# Good Egyptian Music?



## Horus (Sep 17, 2010)

Mai Selim she is so HOT very creative and not trashy like Lady Gaga but reminds me of an up market version of her

I heard this tune everywhere summer 2010 I can't get enough of her *DROOL*






Video reminds me abit of Lady Gaga telephone when she poisons the entire cafe, but this is a clean and crisp version.

Definate Arabic hotty,  but as I am out numbered by women I might get some disagreement.

Anyone here (ladies / gents) have a hotty Egyptian singer they like?


----------



## josmiler05 (Jan 10, 2010)

Horus said:


> Mai Selim she is so HOT very creative and not trashy like Lady Gaga but reminds me of an up market version of her
> 
> I heard this tune everywhere summer 2010 I can't get enough of her *DROOL*
> 
> ...


Good sound.


----------



## Beatle (Aug 14, 2009)

Horus said:


> Anyone here (ladies / gents) have a hotty Egyptian singer they like?

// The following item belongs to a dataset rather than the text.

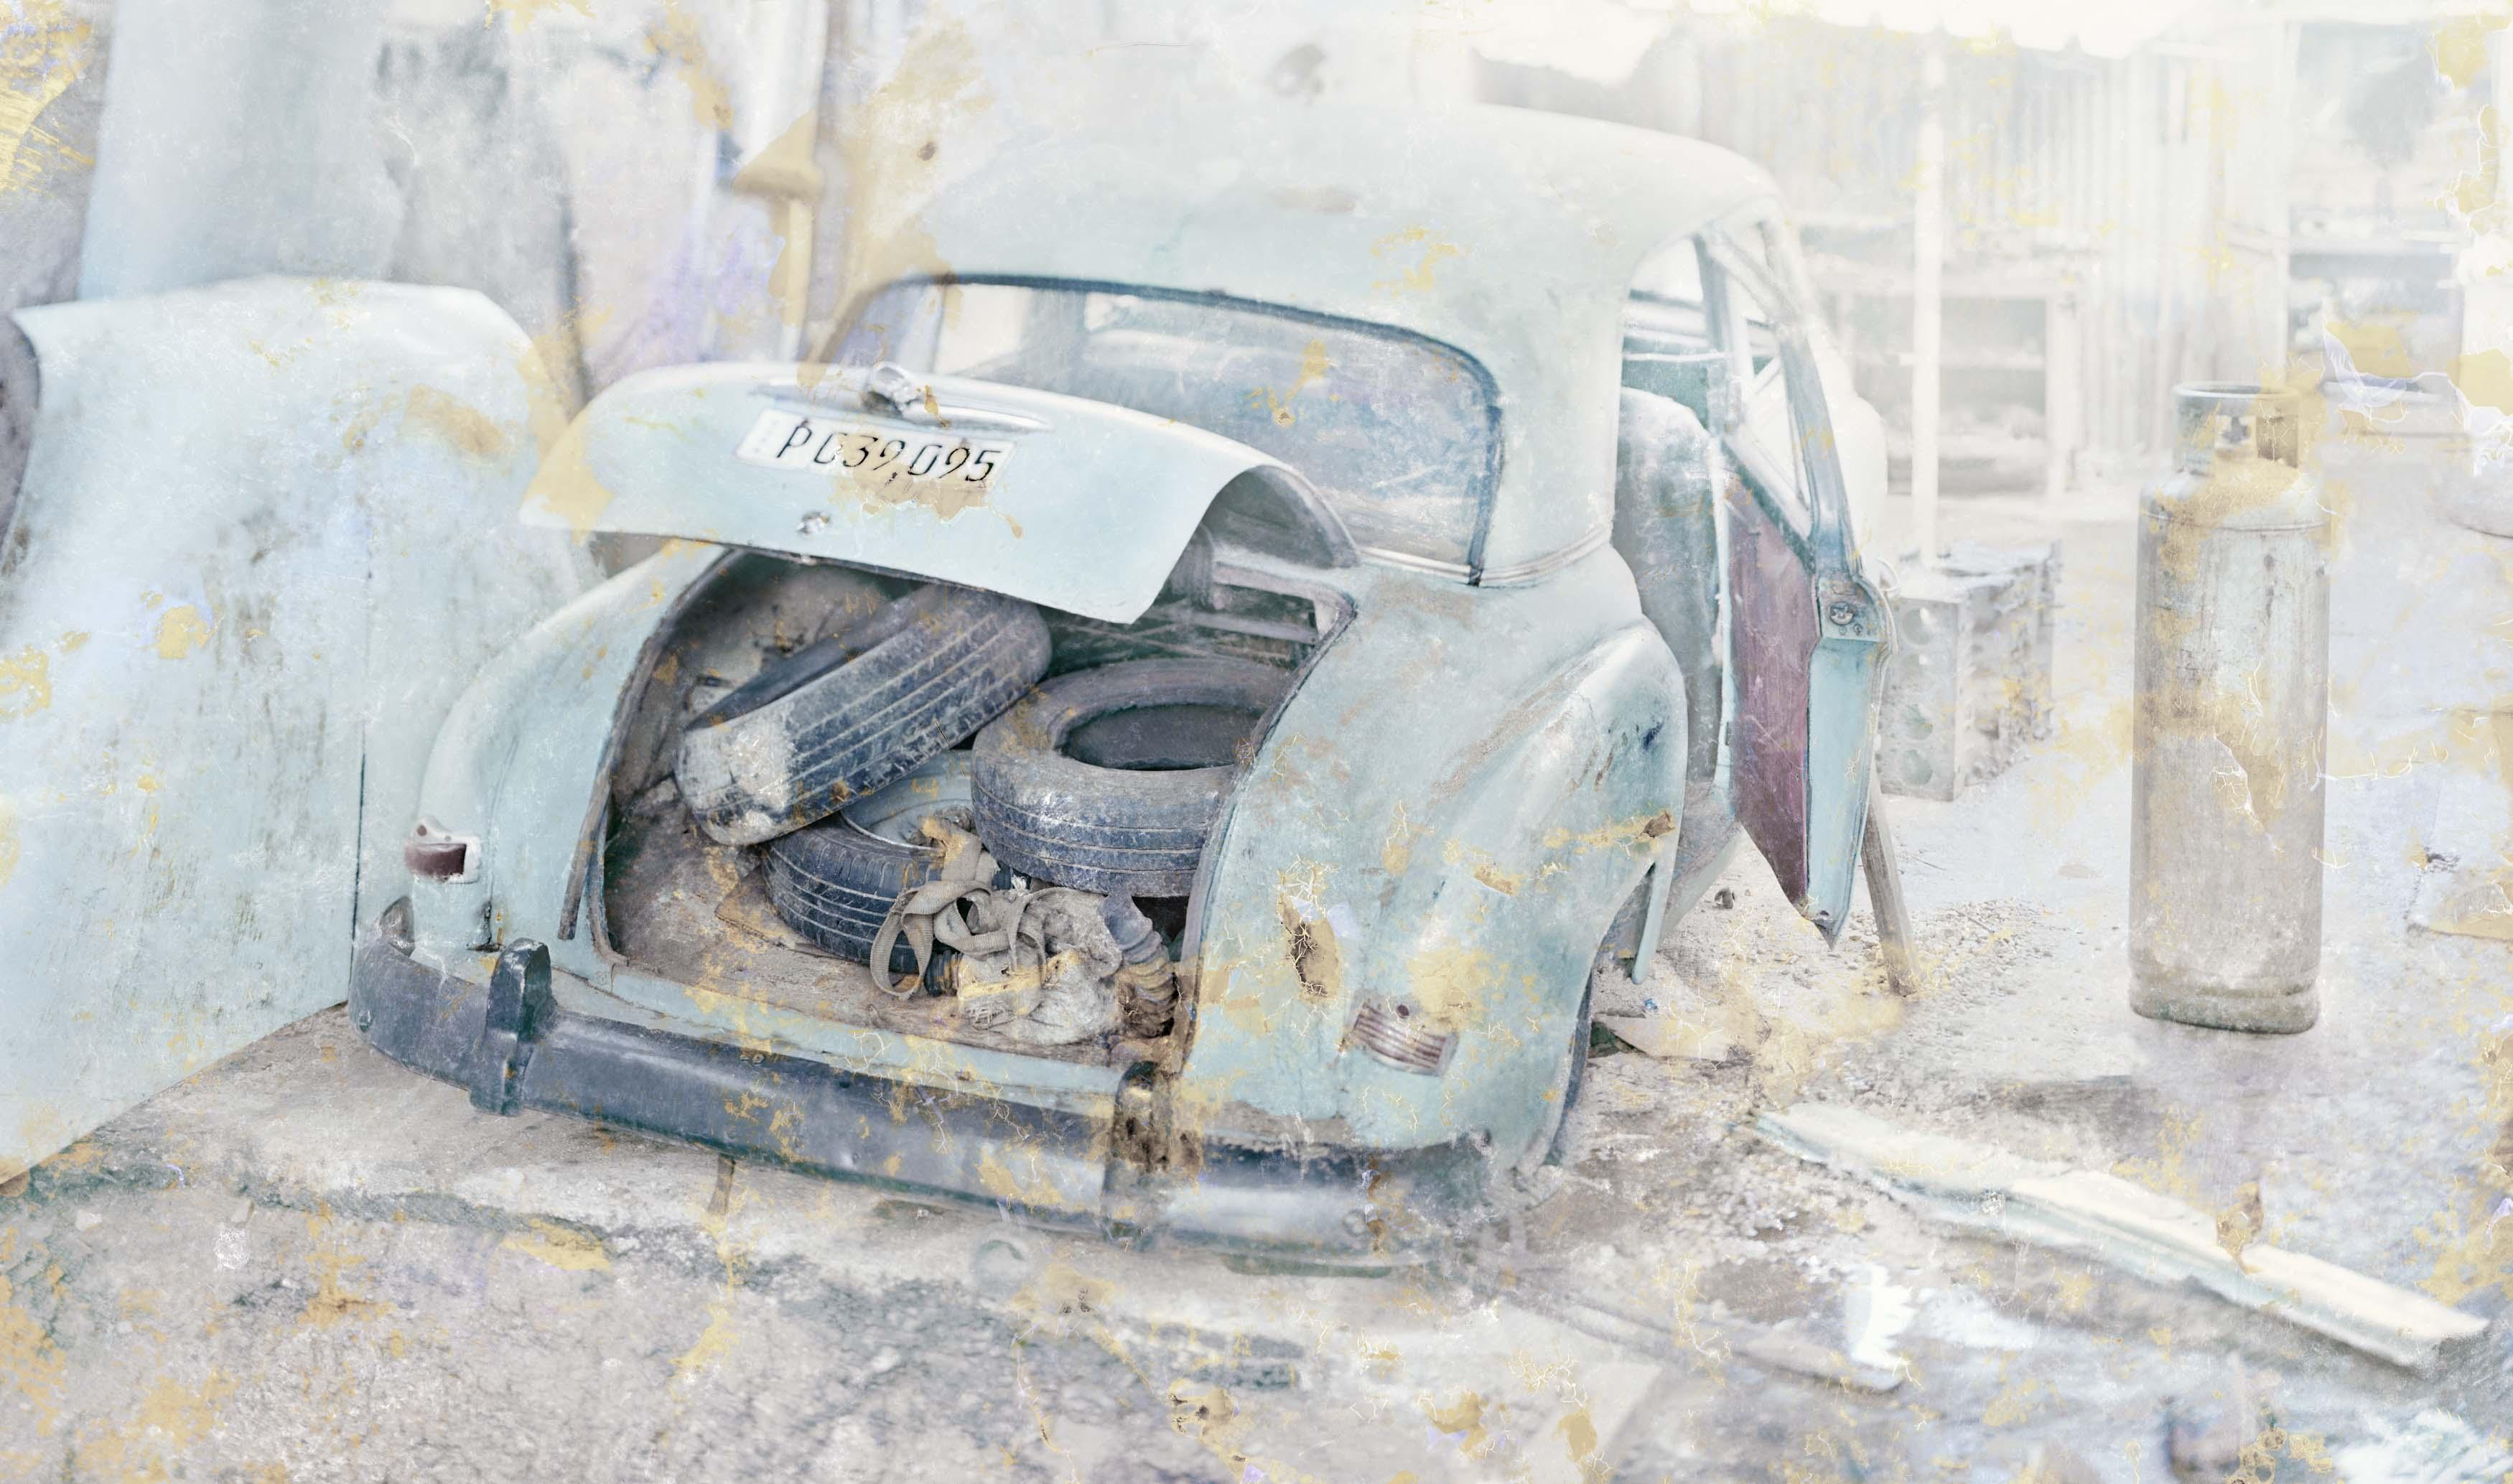 Taller de La Habana, 2016<br/>Impresión de tintas de pigmentos sobre papel  hahnemühle, montada sobre dibond de aluminio / Inkjet print on hannemühle paper mounted on aluminum dibond

One of the favourite Egyptian singers is Amr Diab. Plus although she probably didn't qualify as a "hottie", Umm Kulthum is still revered in Egypt


----------



## MensEtManus (Jul 30, 2009)

"old hottie" : Dalida

"new hottie": Haifa

Overall, I think Egyptian gals are absolutely stunning. Their skin color is unparalleled. Their eyes are mesmerizing. They are perfect just the way they are... However, I think they were far prettier before than now....


----------



## MaidenScotland (Jun 6, 2009)

I like Ruby


----------